Demokracja z definicji jest totalna, gdyż zakłada, że całość społeczeństwa będzie aktywna politycznie - tylko i wyłączne jako zwolennik demokracji. W idealnej demokracji nie ma miejsca dla ludzi o innym podejściu do rzeczywistości - w niektórych krajach jest nawet nakaz udziału w życiu politycznym (wybory) pod karą więzienia. Demokracja z całym poświęceniem i oddaniem będzie ścigać i urywać łby swoim fundamentalnym przeciwnikom.

Dyktatura - rozumiem przez to słowo każdy ustrój niedemokratyczny, zgodnie z rozumieniem tego słowa przez apologetów europejskiej socjal-demokracji, gdyż zapomina się często, że komunizm sowiecki również był ustrojem demokratycznym, zaś tzw. III Rzesza nie zmieniła fundamentalnie ustroju politycznego tzw. republiki - nie wymaga natomiast od obywateli obowiązkowego udziału w micie "samorządu obywateli". W dyktaturze ideologia ma często znaczenie drugorzędne i panuje rywalizacja i ciągle otwarte jest pole do szerokiej zmiany ustrojowej - politycznej i gospodarczej.
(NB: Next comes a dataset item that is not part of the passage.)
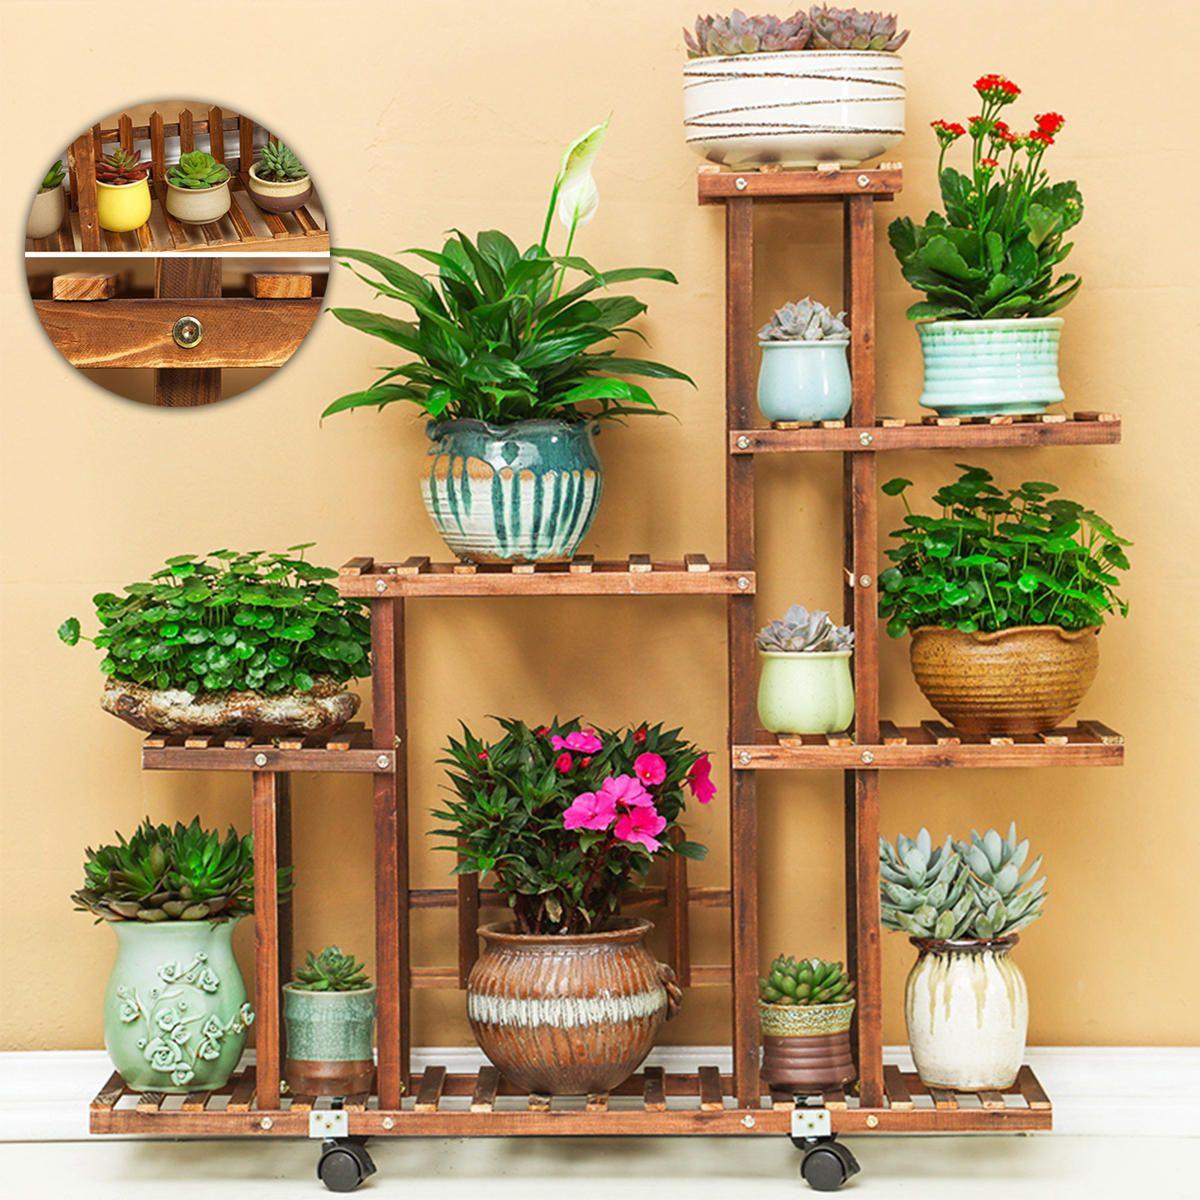 IFE US$99.99 5 Tier Fir Wood Wooden Plant Flower Display Stand Shelf Rack Holder & Wheels
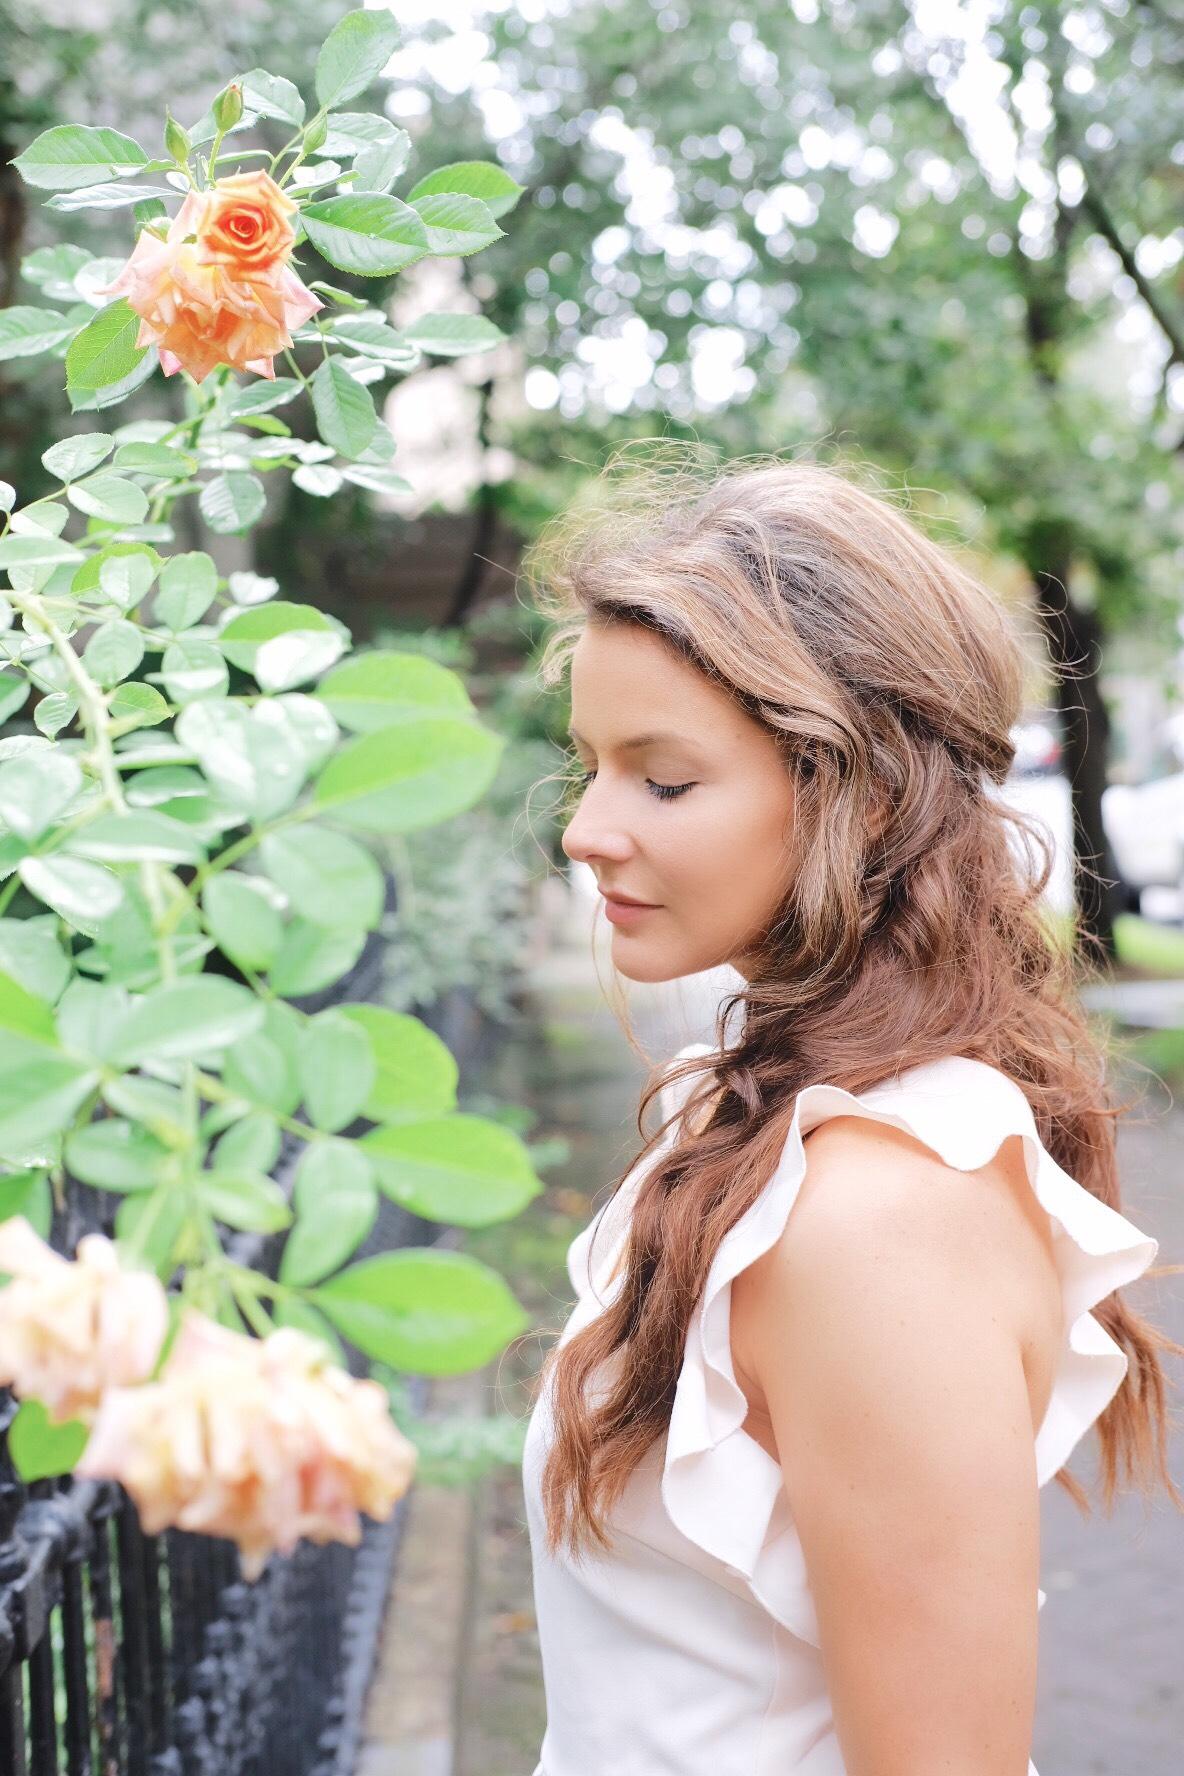 Brenna Lauren Michaels in Pink Dress by Roses

Tutaj może ścierać się elitarna republika, monarchia we wszelkich kolorach, lub despotia na równych prawach, często zostawiając przytłaczającą większość społeczeństwa w stanie neutralnym (dzieje polityki wewnętrznej monarchii europejskich są przykładem). W niedomokratycznych typach ustrojowych zwykły człowiek ma często zapewniony o wiele szerszą autonomię w życiu prywatnym, niż w demokracji, dążącej do monopolu w dyskursie publicznym i wychowaniu obywateli na myślących politycznie i tak samo swoich orędowników. W demokracji życie publiczne i prywatne jest totalne, gdyż cały porządek myślenia jest upolityczniony.
Demokracja ma na celu porządkowanie życia prywatnego, społecznego na poziomie rodziny, wspólnot lokalnych, jak i całościowego, wychodząc z założenia: większość ma zawsze rację - we wszystkim. W Austro-Węgrach byłoby nie do pomyślenia, żeby jakiś parlament zajmował się latami nad ustawami dotyczącymi stosunku rodziców do dzieci i na odwrót, zakazując np. kar cielesnych. Nikt by nie pomyślał, by urzędnik państwowy arbitralnie zabierał dzieci od rodziców, odbierając im wszelkie prawa rodzicielskie.
Bo w demokracji wszystko należy do niej i ma być jej podporządkowane. Dzieci są państwa - a nie rodziny.

Dyktatura może być totalitarna. Demokracja jest zawsze.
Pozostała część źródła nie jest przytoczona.